**TASK DETAILS**:
Excluding pictures, reproduce word for word the lines from the one containing "Apparently it&rsquo;s International" through the end of the material below.
Top of SUPPLIED ENTRIES
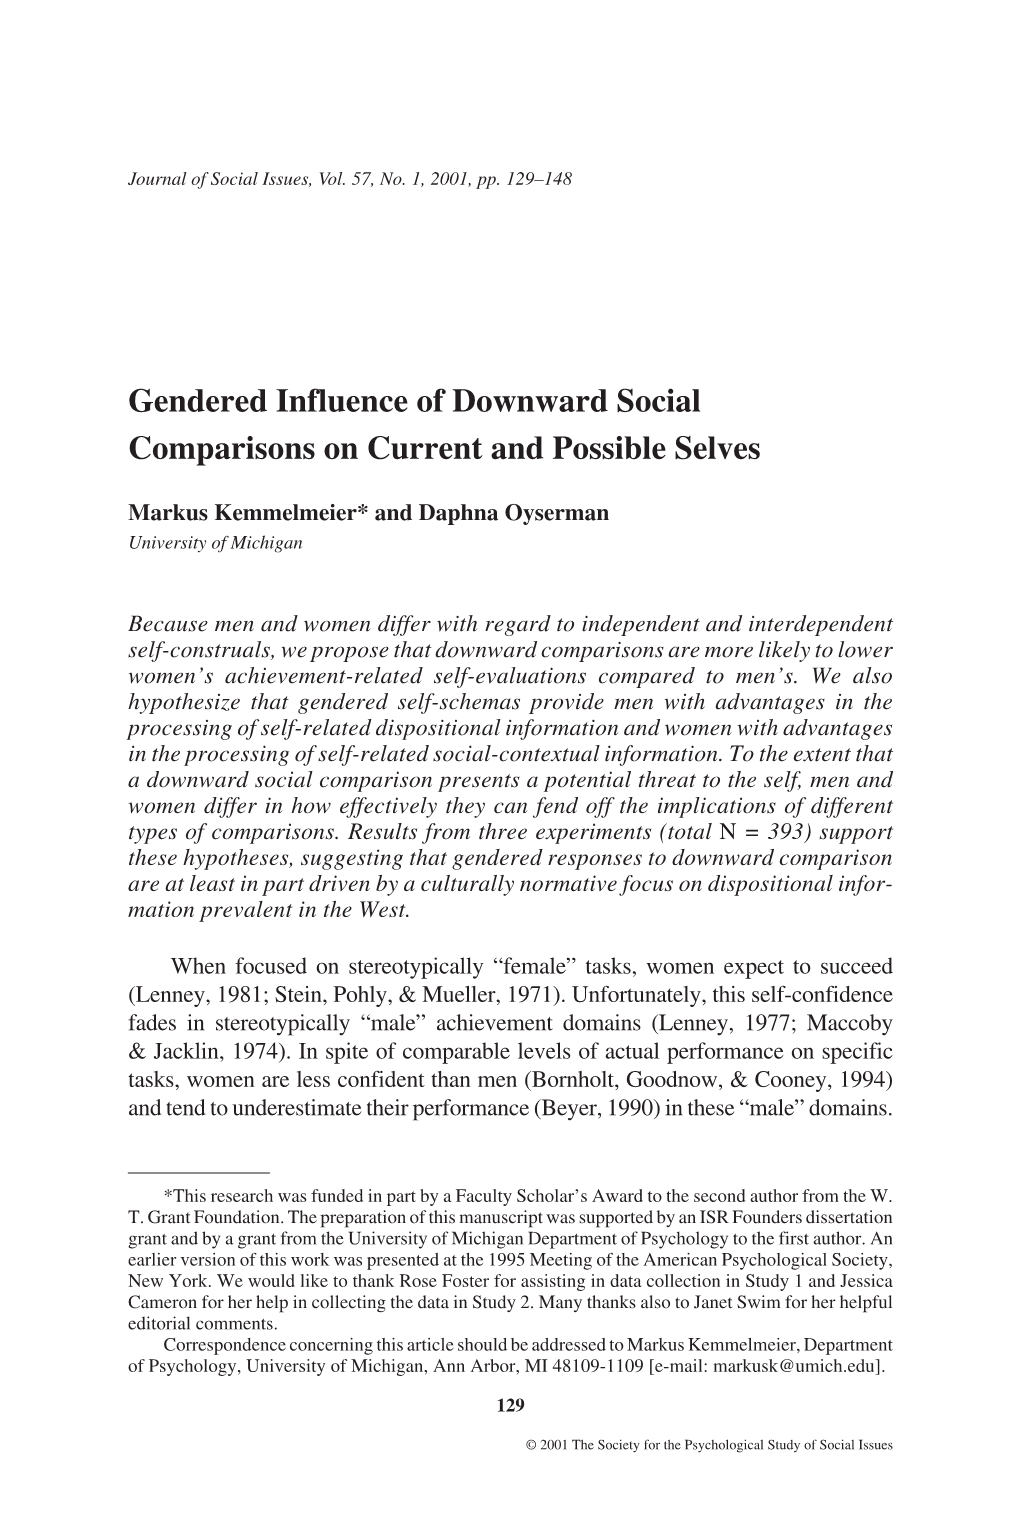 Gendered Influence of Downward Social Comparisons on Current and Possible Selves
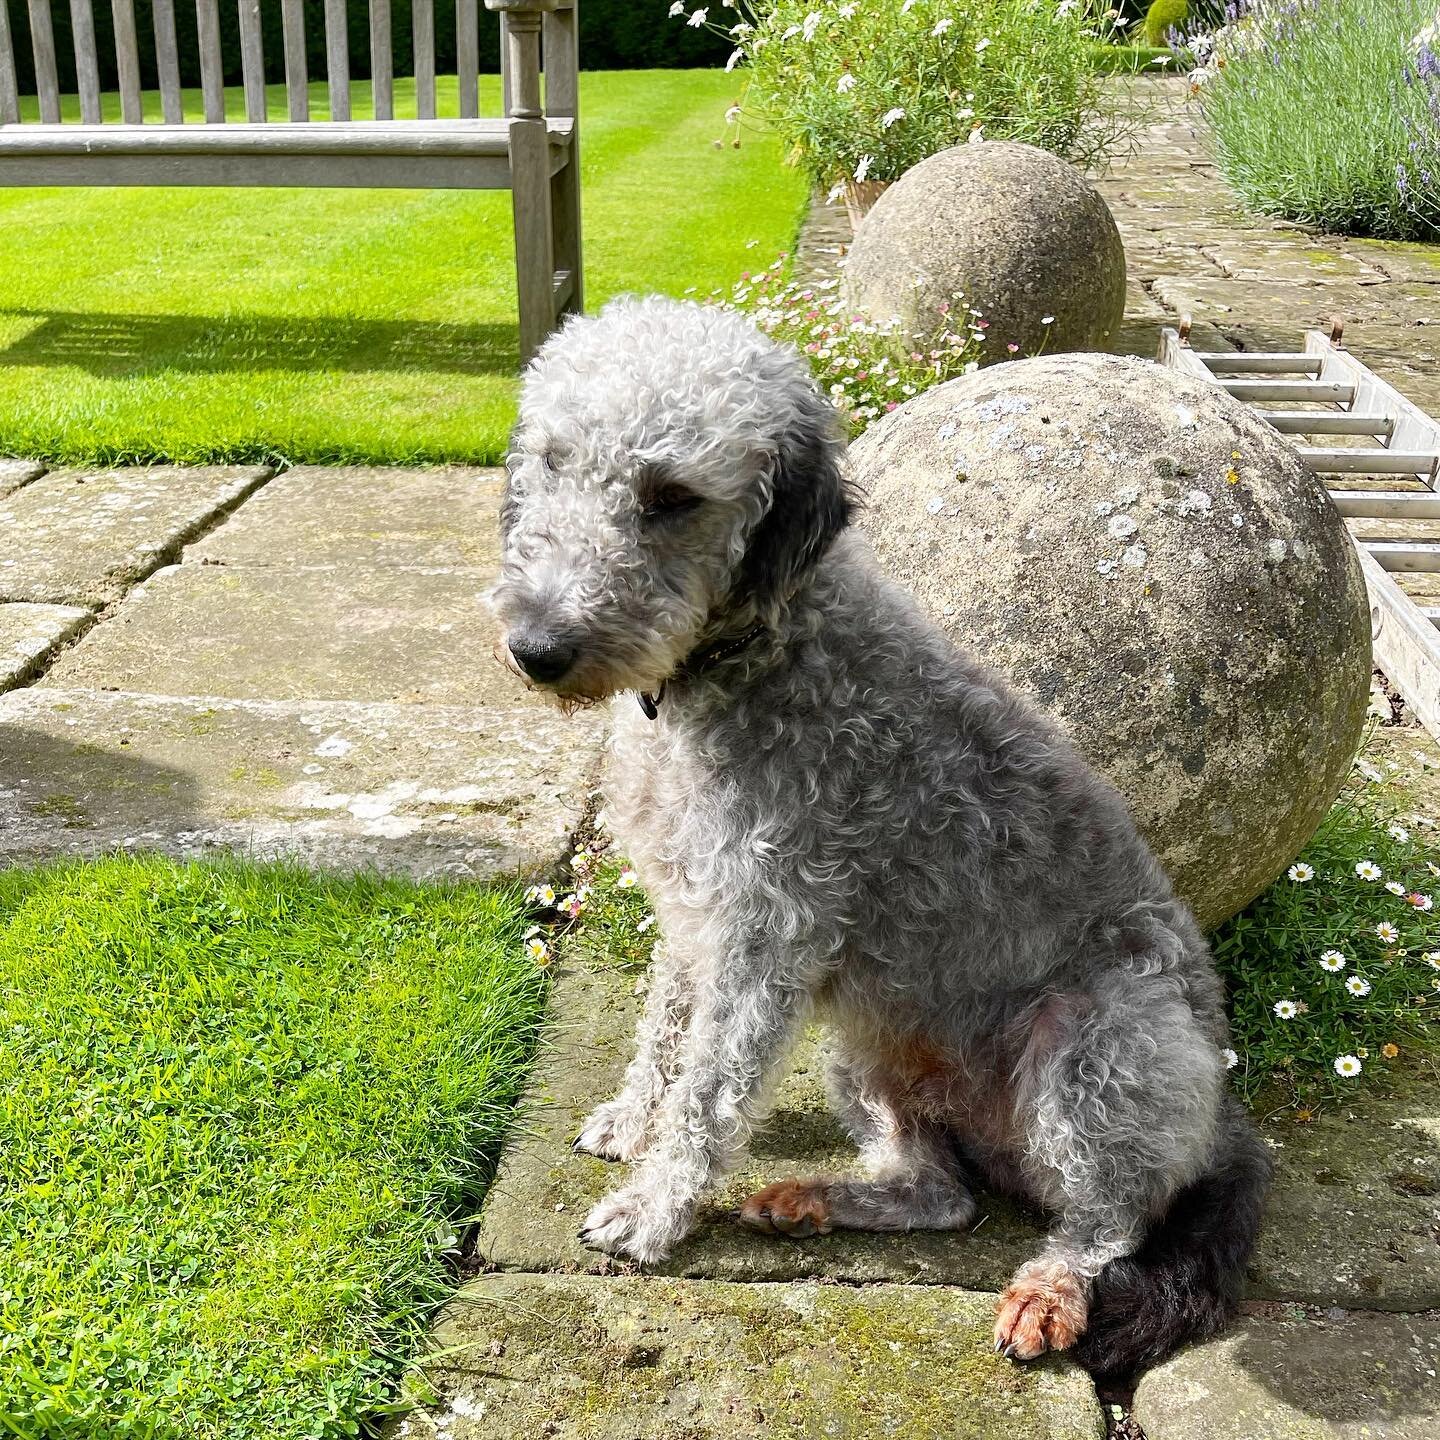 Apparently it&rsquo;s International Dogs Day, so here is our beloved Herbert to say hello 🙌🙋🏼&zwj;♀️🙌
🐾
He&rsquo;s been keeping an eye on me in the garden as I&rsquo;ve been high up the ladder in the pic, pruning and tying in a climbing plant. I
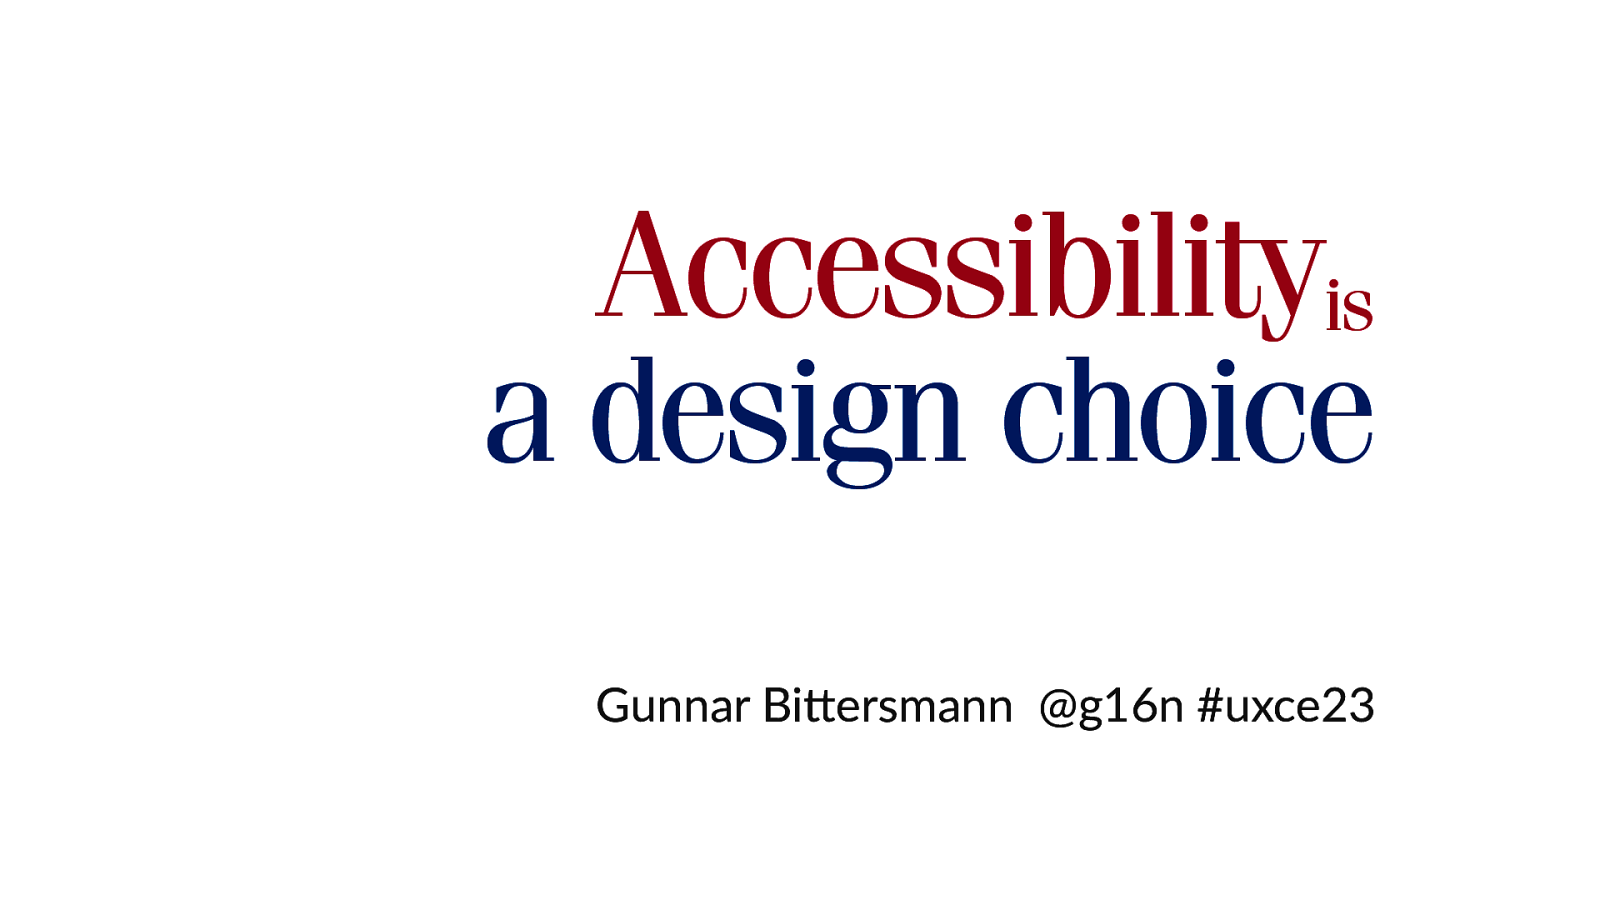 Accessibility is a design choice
Bottom of SUPPLIED ENTRIES
**YOUR RESPONSE**:
 Apparently it&rsquo;s International Dogs Day, so here is our beloved Herbert to say hello 🙌🙋🏼&zwj;♀️🙌
🐾
He&rsquo;s been keeping an eye on me in the garden as I&rsquo;ve been high up the ladder in the pic, pruning and tying in a climbing plant. I
 Accessibility is a design choice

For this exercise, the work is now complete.